= Kemusuk =

Kemusuk is a hamlet (dukuh) in the Argomulyo village, Sedayu subdistrict, Bantul Regency, Special Region of Yogyakarta, Indonesia. The area, around 10 km to the west of Yogyakarta towards the town of Wates, is known as the birthplace of the second president of Indonesia, Suharto.

== Significance with Suharto's life and family ==
Suharto was born to a 'poor but not unimportant farmer's family' in the village. His father, Kertosudiro, was a local irrigation official in charge of overseeing the allocation of water to different farmers in Kemusuk. His mother, Sukirah, was a village woman from a nearby hamlet.

The Suharto family have returned to the village on various occasions in recent years. Suharto himself, accompanied by members of his family, made a trip to Kemusuk in 2002 to pay respects to his father's grave. At the time Suharto's younger step-brother, Notosuwito, had a house in the village near the graveyard in the Kepoh area.

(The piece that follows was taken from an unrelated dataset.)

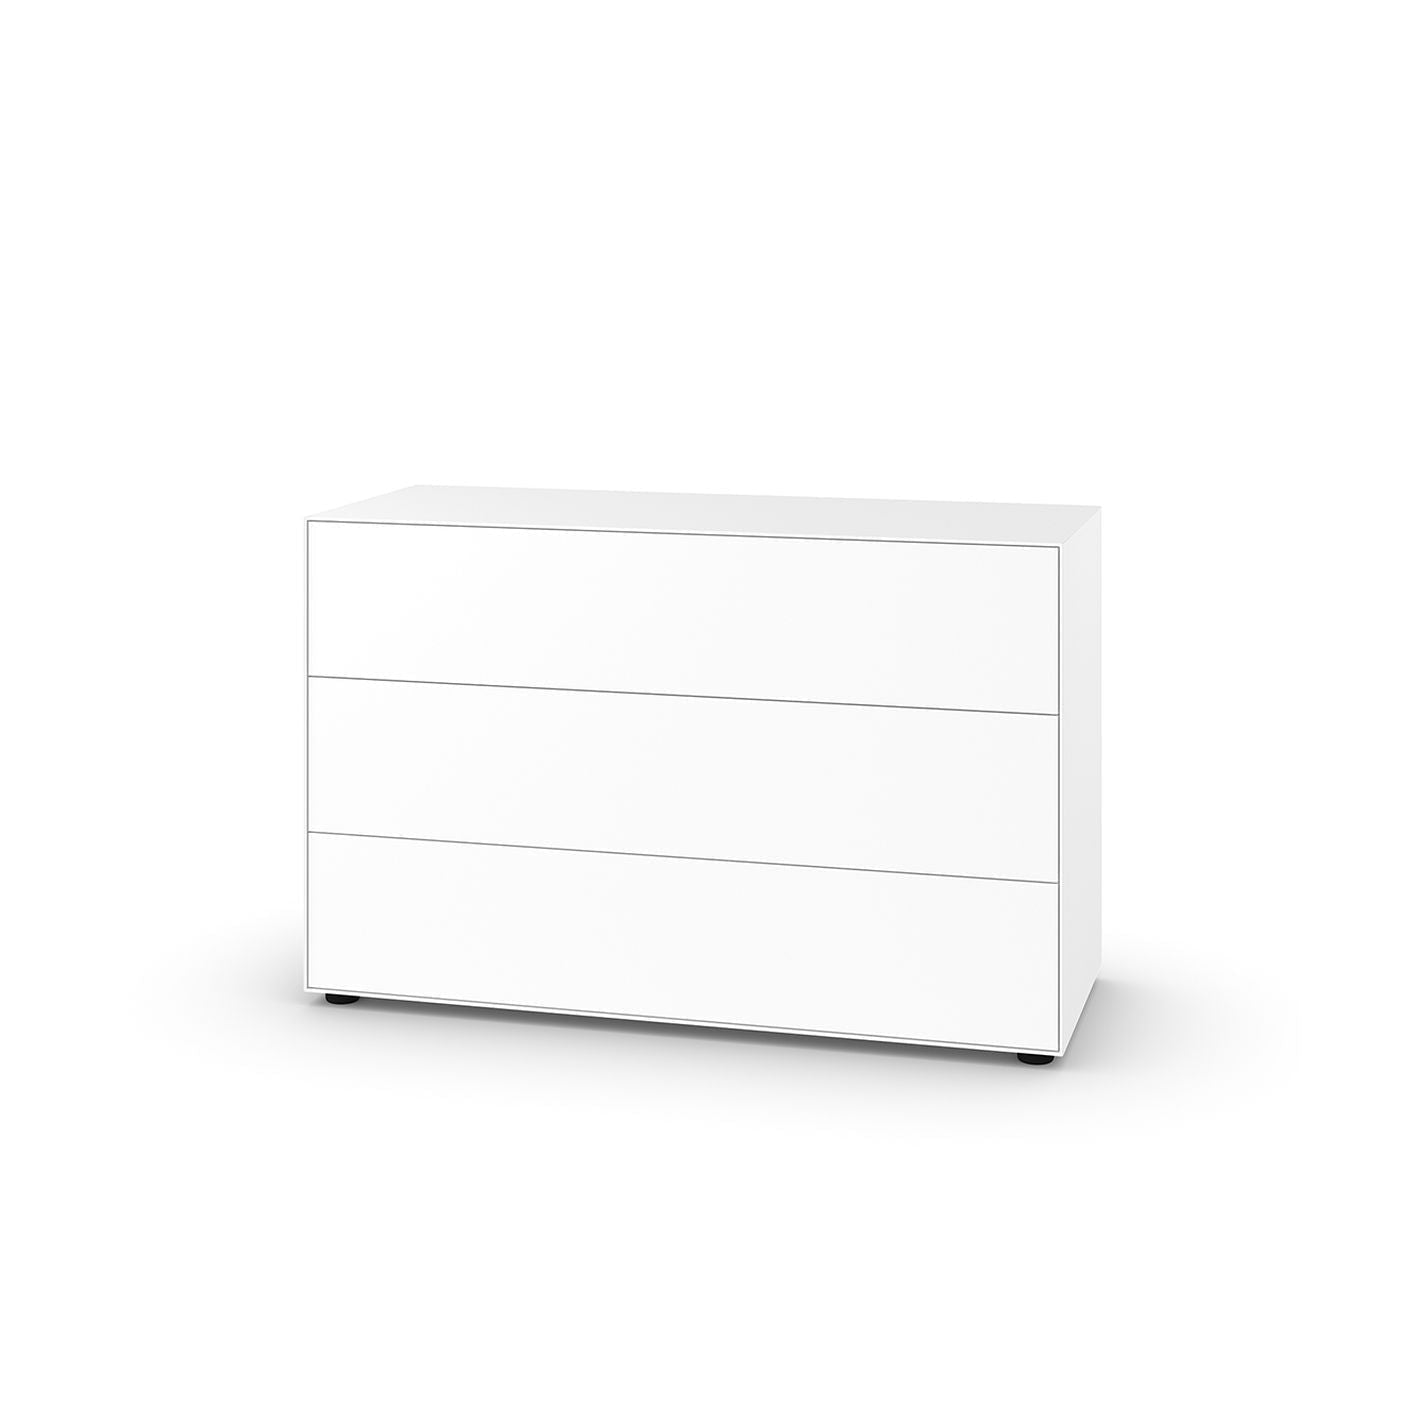 Piure Nex Pur Box HX W 75X120 cm, 3 laatikkoa, valkoinen

More recently, in March 2013 several of Suharto's children, along with his half-brother Probosutedjo, visited Kemusuk Lor (North Kemusuk) to attend the unveiling of a statue of their father installed near a series of exhibits (photos and some dioramas) about Suharto's life at a hall in the village. The statue of Soeharto, which is 3.5 meters tall, presents him in full military uniform as the commander of the Indonesian National Armed Forces (Tentara Nasional Indonesia, or TNI) carrying a baton under his left arm. The sculptor of the statue was the well-known Indonesian sculptor Edhi Sunarso. Edhi Sunarso has created various other well-known statues and monuments in Indonesia including the landmark Selamat Datang Monument (Welcome Monument) in Jakarta.

In June 2013 additional facilities as part of a memorial to Suharto were opened in a ceremony in Kemusuk by Suharto's eldest daughter Siti Hardiyanti Rukmana (Tutut) and his brother Probosutedjo. The memorial included refurbished houses which various members of Suharto's family had lived in as well as a museum. The ceremony was attended by several senior ministers of the Indonesian government including the Coordinating People's Welfare Minister Agung Laksono and Defence Minister Purnomo Yusgiantoro.

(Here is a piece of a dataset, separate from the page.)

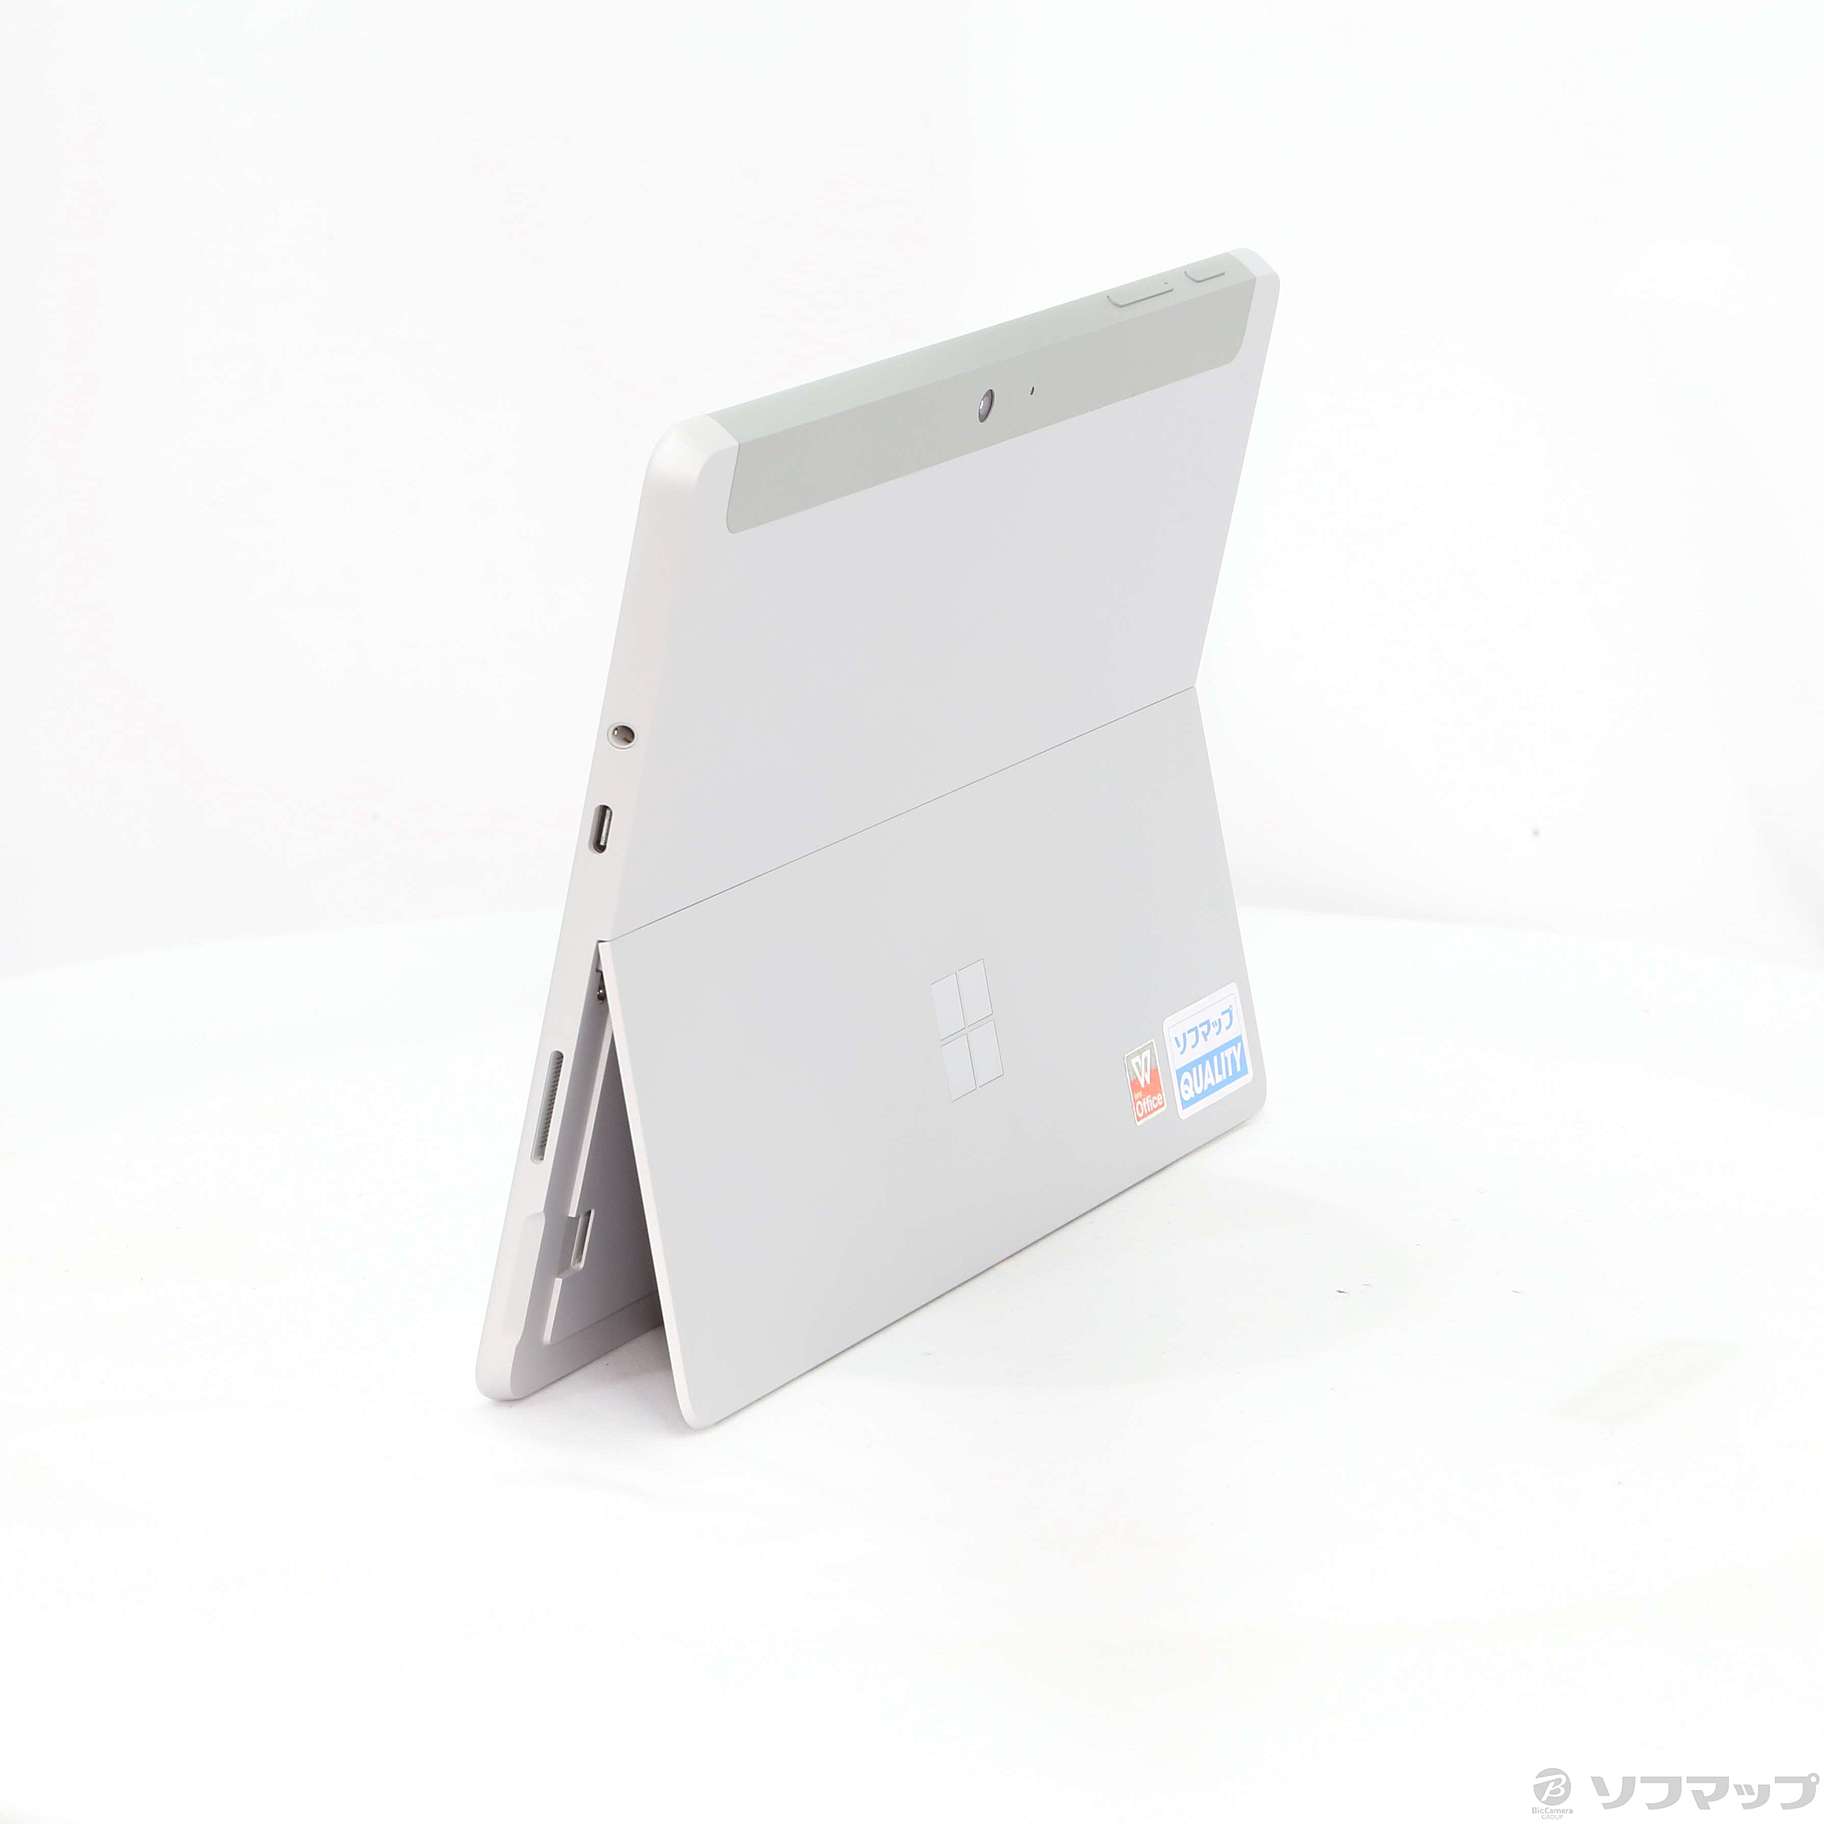 Surface Go 〔Pentium 4415Y／4GB／eMMC64GB〕 LXK-00014

At the time of Suharto's death in January 2008, residents of Kemusuk joined in the mourning for the former president. Flags were lowered in the village and Suharto's nephew, Aryo Notosuwito spoke in memory of Suharto. As is the practice in Indonesia, members of the local community gathered together at the house of Suharto's relatives to remember the former resident of their village.

Later, in March 2018, when Suharto's brother Probosutedjo died in Jakarta, his body was flown back to Yogyakarta and transferred to Kemusuk to be buried in the local Somenggalan cemetery.